Specifically, in this project you should:

- Choose a real-world phenomenon that can be measured and for which you could collect at least one-hundred data points across at least four different variables.
- Investigate the types of variables involved, their likely distributions, and their relationships with each other.
- Synthesise/simulate a data set as closely matching their properties as possible.
- Detail your research and implement the simulation in a Jupyter notebook the data set itself can simply be displayed in an output cell within the notebook.

Note that this project is about simulation – you must synthesise a data set. Some students may already have some real-world data sets in their own files. It is okay to base your synthesised data set on these should you wish (please reference it if you do),
but the main task in this project is to create a synthesised data set.

## Main Sources Used For Project

- Python[1] is the main code used for project 

- Seaborn[2] is a library used for making attractive and informative statistical graphics in Python.

- Pandas[3] are used for data manipulation and analysis.

- Numpy.Random [4] is a subpackage of the NumPy package for working with random numbers.

## Aim for project

The aim for my project is to look at military spending by countries for 2021. I firstly looked at World Population Review[5] I wanted to see real life data and what research had been done in this area already. A lot of the information, has been based on research by Stockholm International Peace Research (SIPRI Military Expenditure Database)[6] as a basis for a lot of my research. 

The main variables which I will research are the population of the country, how much they are spending on their military, country's GDP and finally the percentage of GDP that makes up the countries spending per year. 

As of 2021, world military expenditure has passed $2 trillion for first time. Total global military expenditure increased by 0.7 per cent in real terms in 2021, to reach $2113 billion with the 5 biggest countries being the US, China, India, the UK and Russia.[3]

In [7]:
# import python libraries
import numpy as np
import pandas as pd
import seaborn as sns
import matplotlib.pyplot as plt
import string
import random

I firstly decided to look at real life data. I had to very slightly adapt the database which I got from SIPRI. I removed the first approximately 10 lines on each excel sheet as I was finding it difficult read in the data. The main pieces that I removed provided just general info on the database.

In [3]:
df = pd.read_excel(r'C:\Users\Kenne\OneDrive\Desktop\Programming\PfDA_Project\data\SIPRI DATA.xlsx', sheet_name= 'Current US')

GDP = pd.read_excel(r'C:\Users\Kenne\OneDrive\Desktop\Programming\PfDA_Project\data\SIPRI DATA.xlsx', sheet_name= 'Share of GDP')

percentage = pd.read_excel(r'C:\Users\Kenne\OneDrive\Desktop\Programming\PfDA_Project\data\SIPRI DATA.xlsx', sheet_name= 'Share of Govt. spending')

print("The shape of the data from Current US$ is: \n",df.shape)

print("The shape of the data from GDP is: \n",GDP.shape)

print("The shape of the data from percentage of spending is: \n",percentage.shape)

The shape of the data from Current US$ is: 
 (191, 75)
The shape of the data from GDP is: 
 (191, 75)
The shape of the data from percentage of spending is: 
 (191, 37)


I decided to look at the shape of the data firstly and it shows that there 191 columns in the database, mostly displaying countries and continents in which they are in.

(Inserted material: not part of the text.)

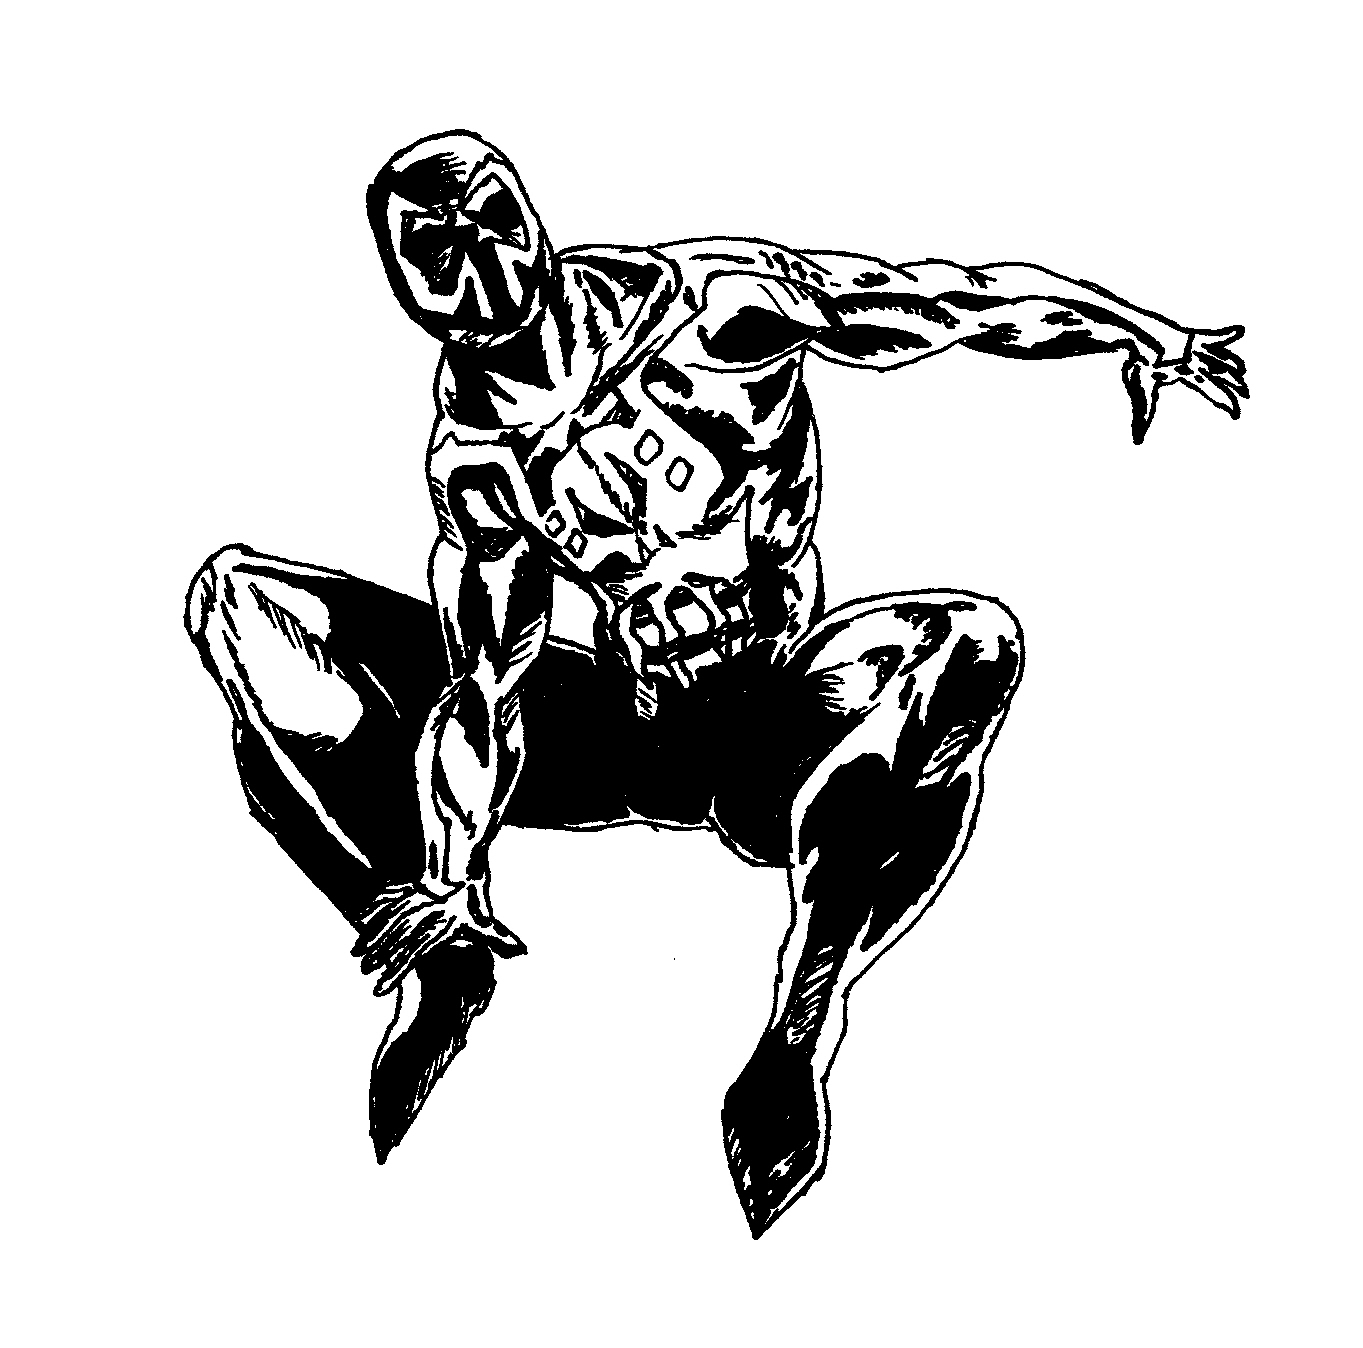 Spider-man 2099 ink by flamedemon

There are also 75 rows of data which displays the amount spent by a country, in dollars. The GDP data on the dataset is the exact same in terms of columns and rows.

I also wanted to dipslay that my idea for the 

In [14]:
df = pd.read_excel(r'C:\Users\Kenne\OneDrive\Desktop\Programming\PfDA_Project\data\SIPRI DATA.xlsx', sheet_name= 'Current US')

df.isnull().any(axis = 1).sum()

56

I saw a bit of an issue with dataset as there was a lot of missing data. 

If I was to ever do further analysis on this dataset, I think I would take specific years as opposed to all the data.

## 2. Investigate the types of variables involved, their likely distributions, and their relationships with each other

In this part of the assignment, I am going to create the dataset based on numpy random and begin to investigate distributions and relationships with one another. 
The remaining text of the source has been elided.